Contact info for Sweet Valley High re-release complaints

Several bloggers have written about the re-release of the Sweet Valley High series, decrying that the “perfect size 6″ twins of the 1980s have now been whittled into a “perfect size 4.”
Writes the blog Gawker:
It seems kids in the 80s lived by totally fat standards. Also, Sweet Valley High students now have their own anonymous blog, presumably to hatefully bully the fattest of their classmates.
Fillyjonk at Shapely Prose also chimed in:
After all, you’ve got to up the ante sometimes or girls get complacent. We can’t have the size sixes thinking they’ve achieved perfection — you can’t even get a modeling gig at that size, you cow!

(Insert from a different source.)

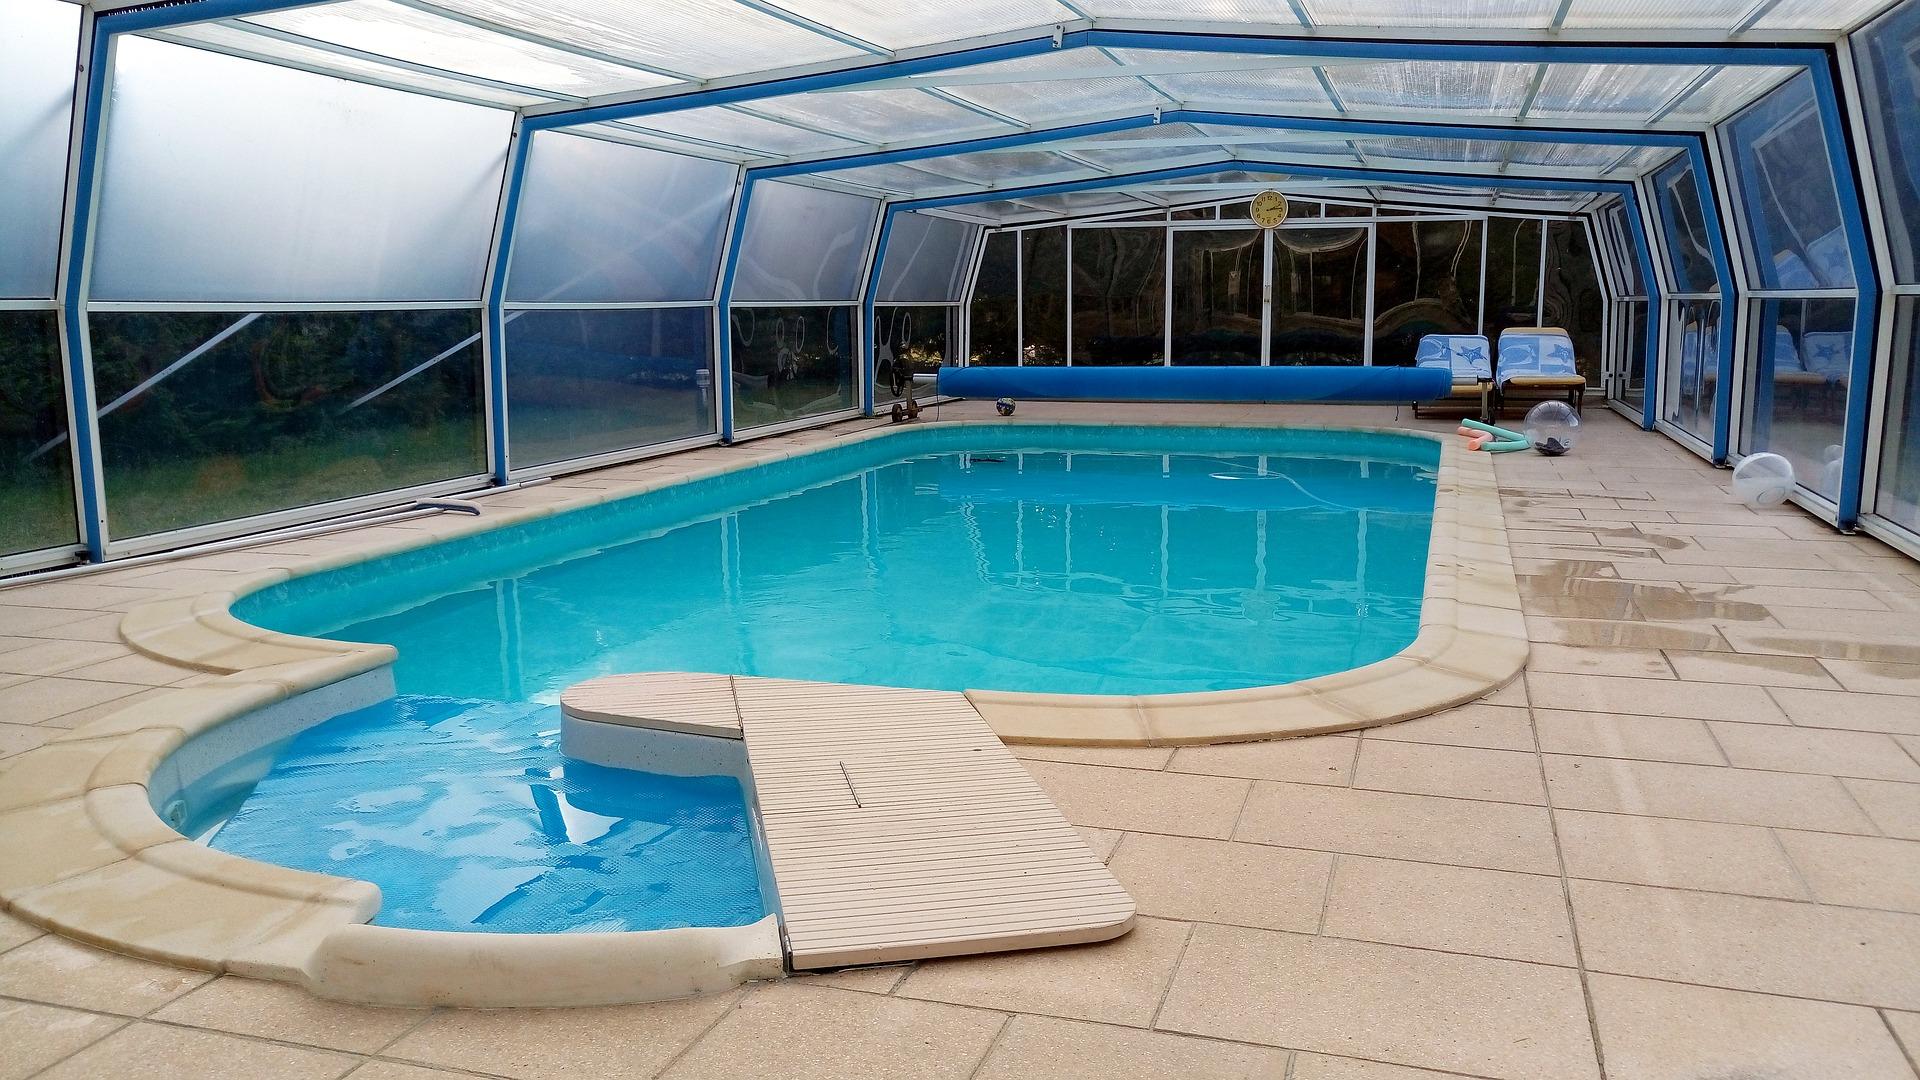 prix abris de piscine great design prix abri piscine plat toulon decore ahurissant prix abri. Black Bedroom Furniture Sets. Home Design Ideas

And a different perspective from Mo at Big Fat Deal:
My first reaction was, indeed, to feel indignant and infuriated. But now that I think about it, really, it doesn’t make much of a difference. Elizabeth and Jessica were always “perfect” in a way that I found it impossible to relate to, and the fact that their bodies were “perfect” was no small part of that.

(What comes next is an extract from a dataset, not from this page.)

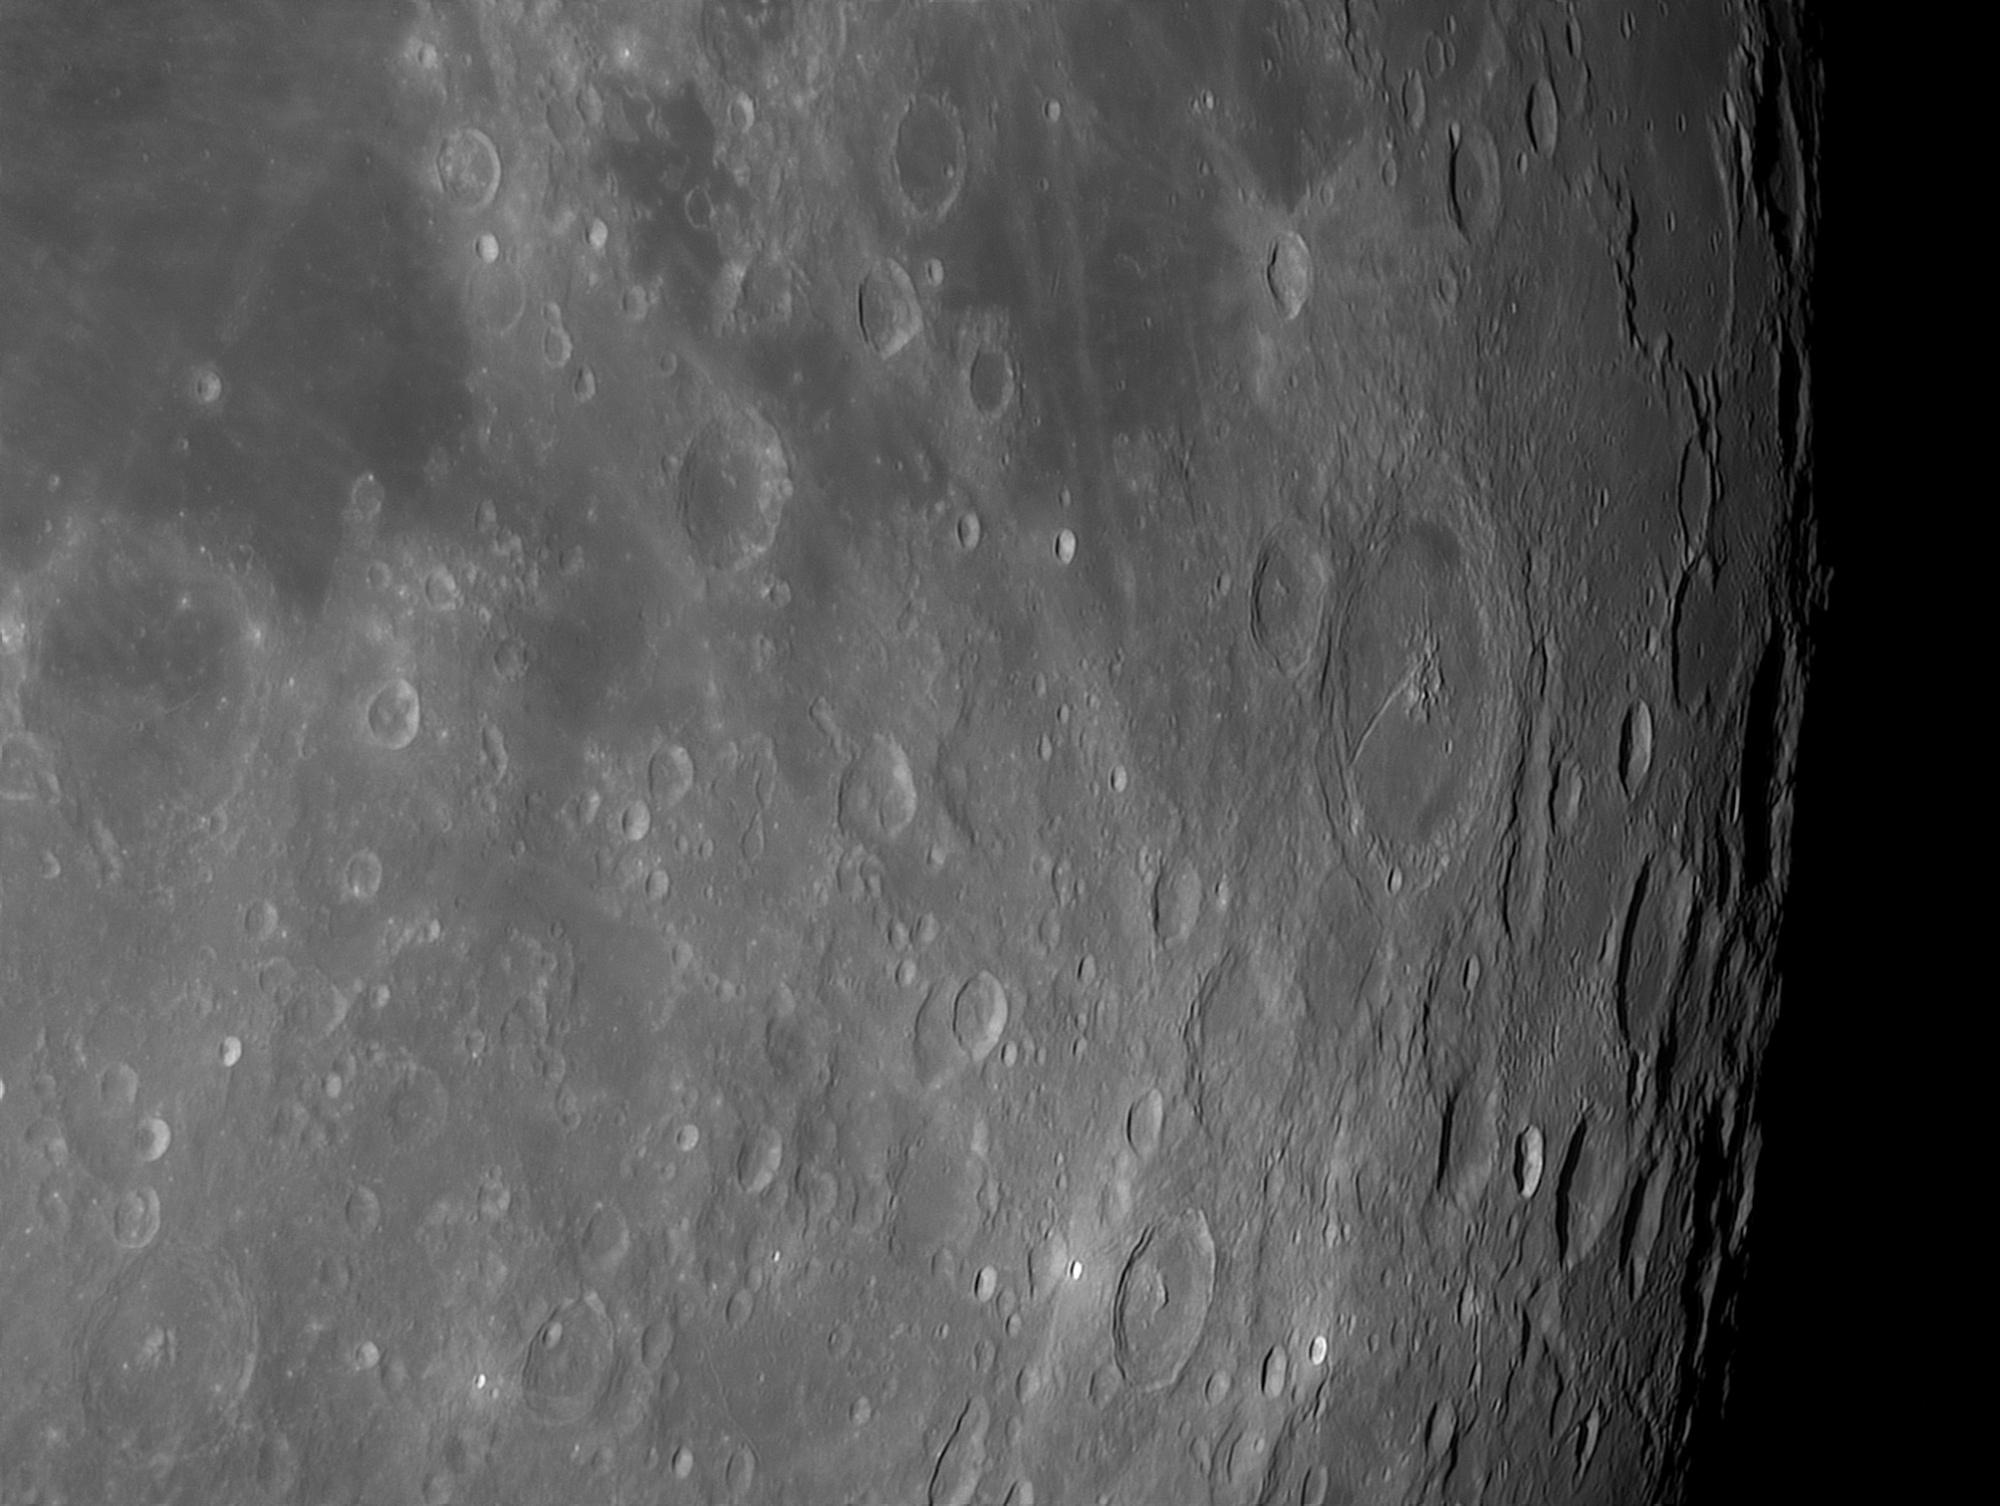 Petavius-20210228baPSAS.thumb.jpg.df31a06a57d5eb323fa5a93fa2d2ac92.jpg

The comments are all spot-on and I don’t have much else to add other than the sound of my head repeatedly banging the desk in frustration. But I do have this to add – contact information.
The series is being re-released by Knopf Delacorte Dell, a division of Random House Children’s Books. Send an email to Random House Children’s Books customer service here or to the following email addresses:
knopfpublicity@randomhouse.com
ecustomerservice@randomhouse.com
Parent company info:
Random House, Inc.
1745 Broadway
New York, NY 10019
(212) 782-9000
Noreen Marchisi is the publicity manager overseeing the series. She can be reached at nmarchisi@randomhouse.com or by mail at Publicist Random House Children’s Books 1745 Broadway, 10-1 New York, NY 10019. Kathy Dunn is the publicist and her email is kdunn@randomhouse.com.
Helpful tips on how to structure letters of complaint can be found here. Keep in mind, these folks probably aren’t the decision makers and it isn’t constructive to yell at them. Politeness – and conciseness – goes a long way.